Toronto company's system fine-tunes grid balance

 

Demand response, and companies that aggregate it to help balance supply and load on the grid aren't new. Traditionally, demand response works on a scale of an hour or more, interrupting some process on a major consumer’s production line to keep demand broadly in line with what generators are putting onto the grid. What Toronto-based ENBALA (the name is an amalgam of ENergy in BALAnce) Power Networks does is similar, but on a timescale of seconds, rather than hours. Using smart grid technologies that weren’t available even five years ago, the company’s system calculates the difference between the available supply and the momentary demand on the grid every four seconds, and invites its client companies – large power consumers – to tune down (or up) the rate at which some of their machinery – say, a compressor – operates, to keep a close match between what the grid is supplying – at that moment – and how much its consumers are drawing.

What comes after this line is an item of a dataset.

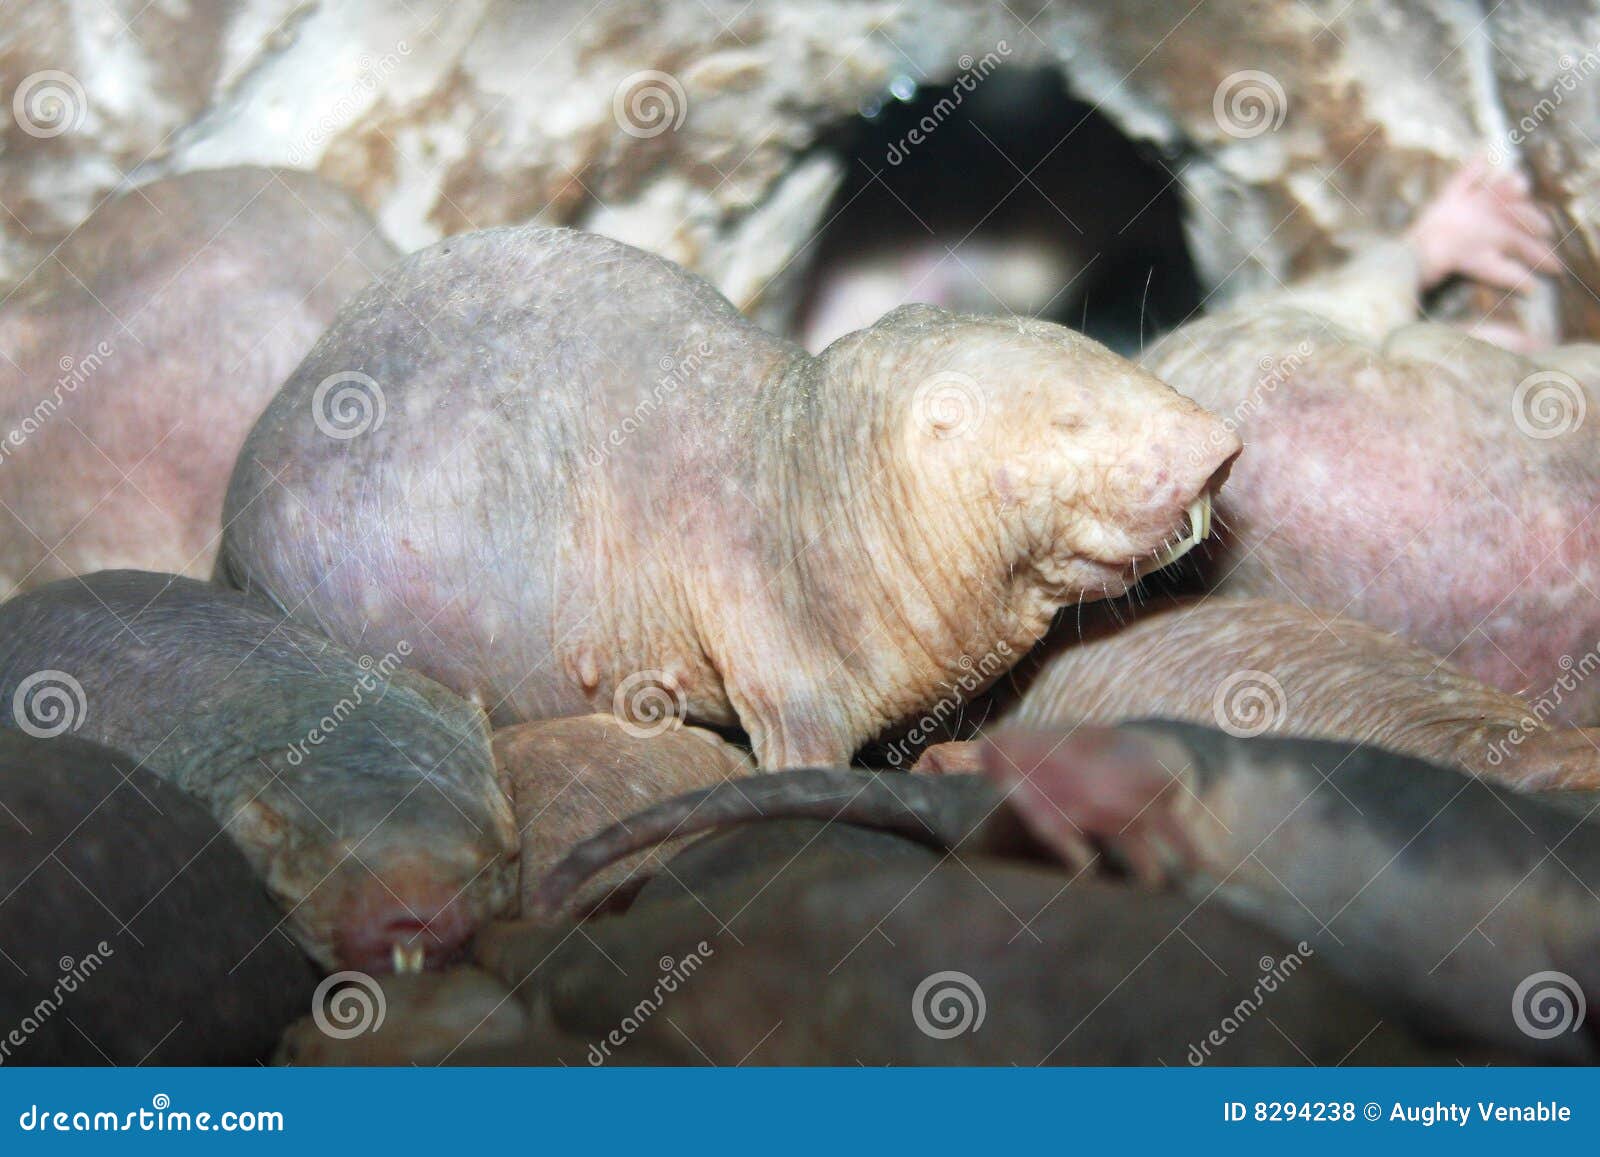 naked mole-rats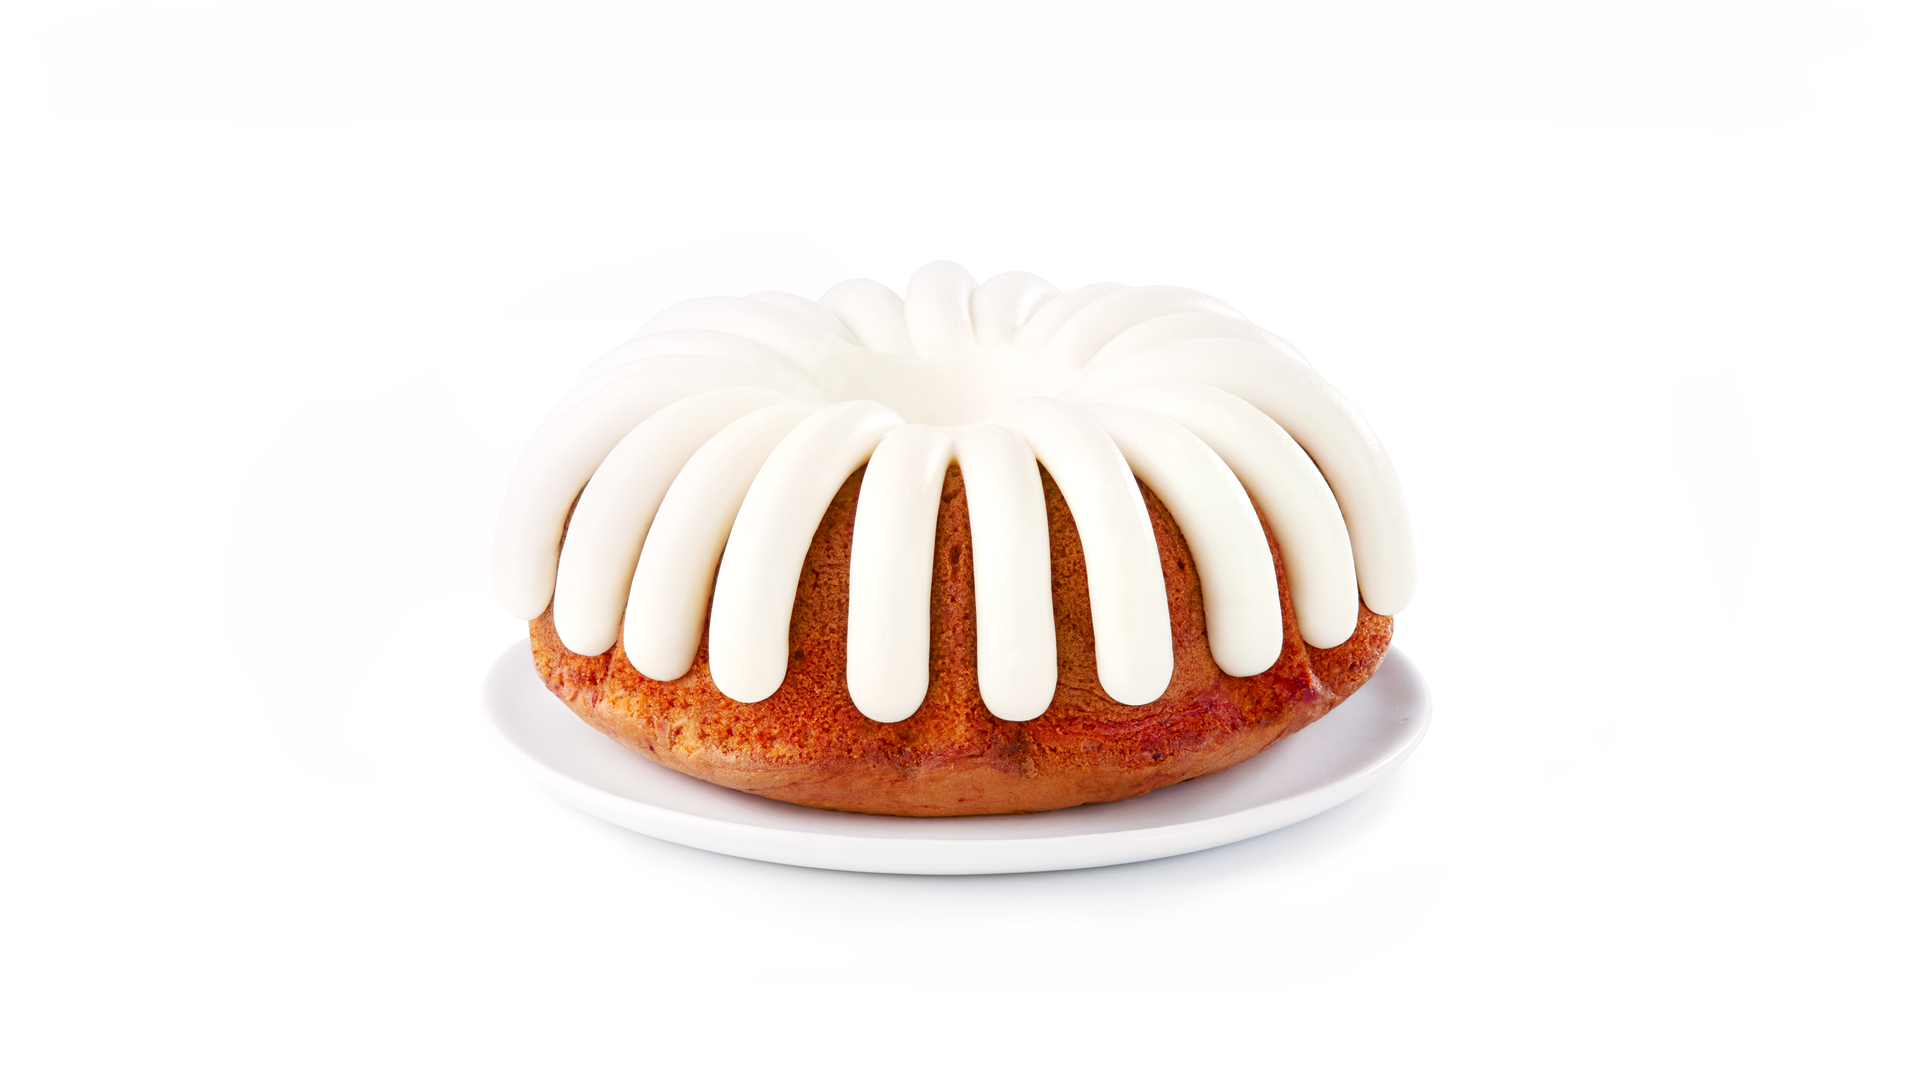 Delicious Bundt Cakes - Nothing Bundt Cakes

          Conventionally, again, the only tools the system operator (in Ontario, the IESO) has to match supply and demand is its ability to order generators to ramp production up or down. At present, as ENBALA CEO Ron Dizy explains, the facilities in Ontario that provide such balancing service are basically the Sir Adam Beck hydro station at Niagara Falls, and some Brookfield hydro facilities. Up until the last few years, OPG’s coal-fired stations used to provide such a balancing function, but the control interval there was on a five-minute scale, and in any case coal is scheduled to be gone in another year and a half. But on the four-second timescale on which ENBALA’s service operates, adjusting load in this way is "by far" the most scalable and cost-effective way to achieve grid balance, says Dizy.

          This the company does by attaching an off-the-shelf communications panel, plus some very fast and sophisticated software, to the various pieces of equipment that the host load allows – compressors and motors, for example, designed to operate at variable speeds within a range that has no practical effect on the host company’s production processes. The host load company tells ENBALA what machinery can be adjusted in this way, and what the acceptable operating range is. A signal in real time is then sent from the IESO as to how the grid balance needs to be adjusted, and ENBALA’s network processes the signal to all the host devices to adjust load accordingly. ENBALA’s customer, the IESO, pays ENBALA for the service, and ENBALA in turn pays the host load companies for their participation.

          The IESO has indicated strong interest in technologies like these for the power system, and is issuing an RFP in August to select companies and technologies for delivery later this year or early next year. ENBALA is already operational in the PJM Interconnection in the United States. CEO Ron Dizy says that generators there welcome the service, because it allows them to operate their equipment more steadily, rather than ramping it up and down every few minutes, which tends to affect maintenance costs. Conventionally, Dizy says, generators tend to be less welcome to demand balancing services that work on timescales of several hours – that’s a realm where generators could be providing peaking services instead, they say, whereas this short timescale balancing suits them fine.

          ENBALA announced June 25 that it has been awarded $1.8 million under the Ontario Government's Smart Grid Fund to help it expand its network. Currently the company has about twenty host companies signed up, and is shooting for ninety in Ontario. The IESO's RFP is likely to be for a total of 10 MW, which is about 10% of Ontario's grid balancing needs, but Dizy believes that loads will provide 50% of all ancillary services within ten years. "We think there is something like 500MW of real time flexibility that is capturable from loads in Ontario," he said.

          The company is also using its same platform to do wind integration in the Maritimes; where instead of ramping generation up or down on this kind of timescale to deal with varying windfarm output, its network adjusts loads.

          ENBALA’s service as an aggregator of this type is so far unique, Dizy says. The only other comparable service Dizy is aware of is being provided by an ALCOA plant near Chicago, which uses huge amounts of electricity in smelting aluminum, with some 80 or 90 MW of variability, in the MISO power system. There are of course other aggregators on the conventional scale, like Rodan Energy, and in fact Enbala will work with them in approaching customers to offer its particular service.